The essentials of consumer-centric healthcare include empowering the patient to make choices, be involved in the decision-making process for her/his care and, it should be emphasized, understand what the costs are upfront by way of transparent pricing and candid conversation.
The driver behind this consumerism is the emergence of high-deductible health plans (HDHP). Back in the day, a patient’s financial responsibility for their healthcare was often a single digit percentage of the cost, if that. Now, with HDHPs, a patient is confronted with 30% to 50% of the financial responsibility for their care.

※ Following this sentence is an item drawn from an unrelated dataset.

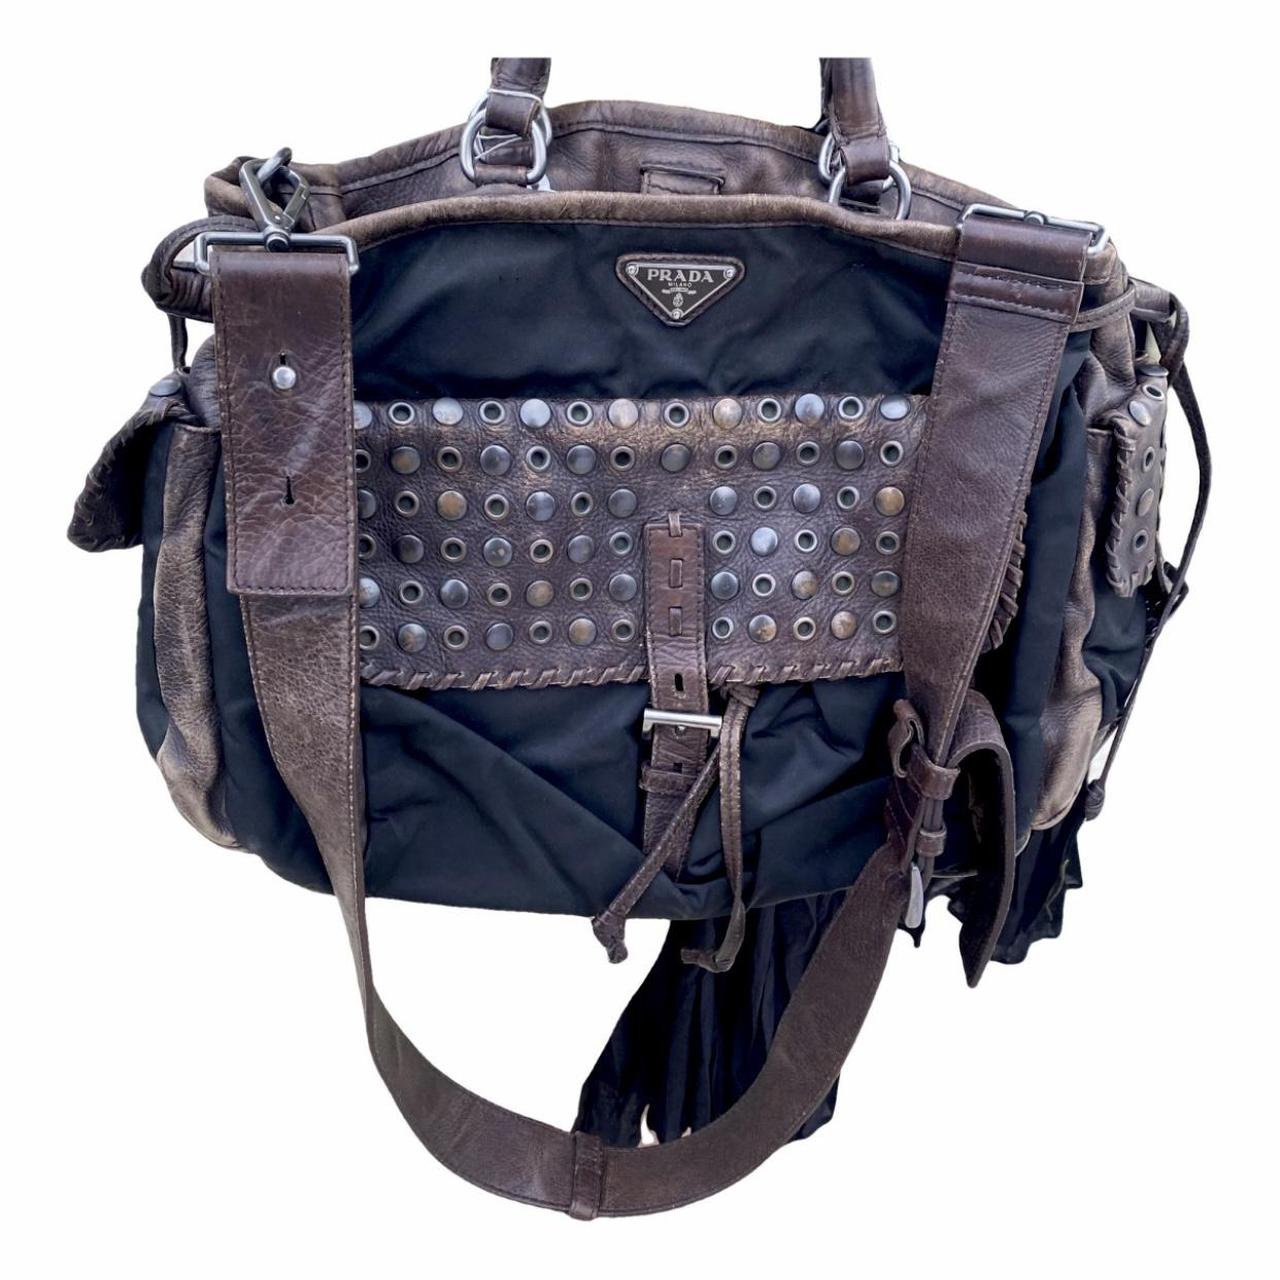 Prada Vintage - Studded Nylon Shoulder Bag - Black - Leather

It is simplistic to label high deductibles as the villain. At the heart of Indiana’s Healthy Indiana Plan (HIP 2.0) for Medicaid patients, is an HDHP along with a health savings account (HSA) that is built by plan members paying 2% of their income into it each month, along with subsidies from the state. Until their deductibles are reached, patient payments can be made from the HSA. On the surface, this is pretty standard stuff. Interestingly, a report issued in July 2016 by the Lewin Group found that the plan helped to:
● Reduce the number of uninsured low-income Indiana residents and increase access to healthcare services
● Promote personal health responsibility
● Promote disease prevention and health to achieve better health outcomes
Along with those accomplishments, the study found plan member satisfaction rates were high, with 80% indicating they were satisfied with the program. These members also engaged with their healthcare process. For example, 42% checked the balances in their accounts every month and 27% asked providers about the cost of care. Just 1% to 2% of members missed an appointment because of cost. Lastly, Indiana reported that a varying co-payment feature for emergency department use resulted in fewer inappropriate uses of emergency services as compared to the traditional Medicaid benefit.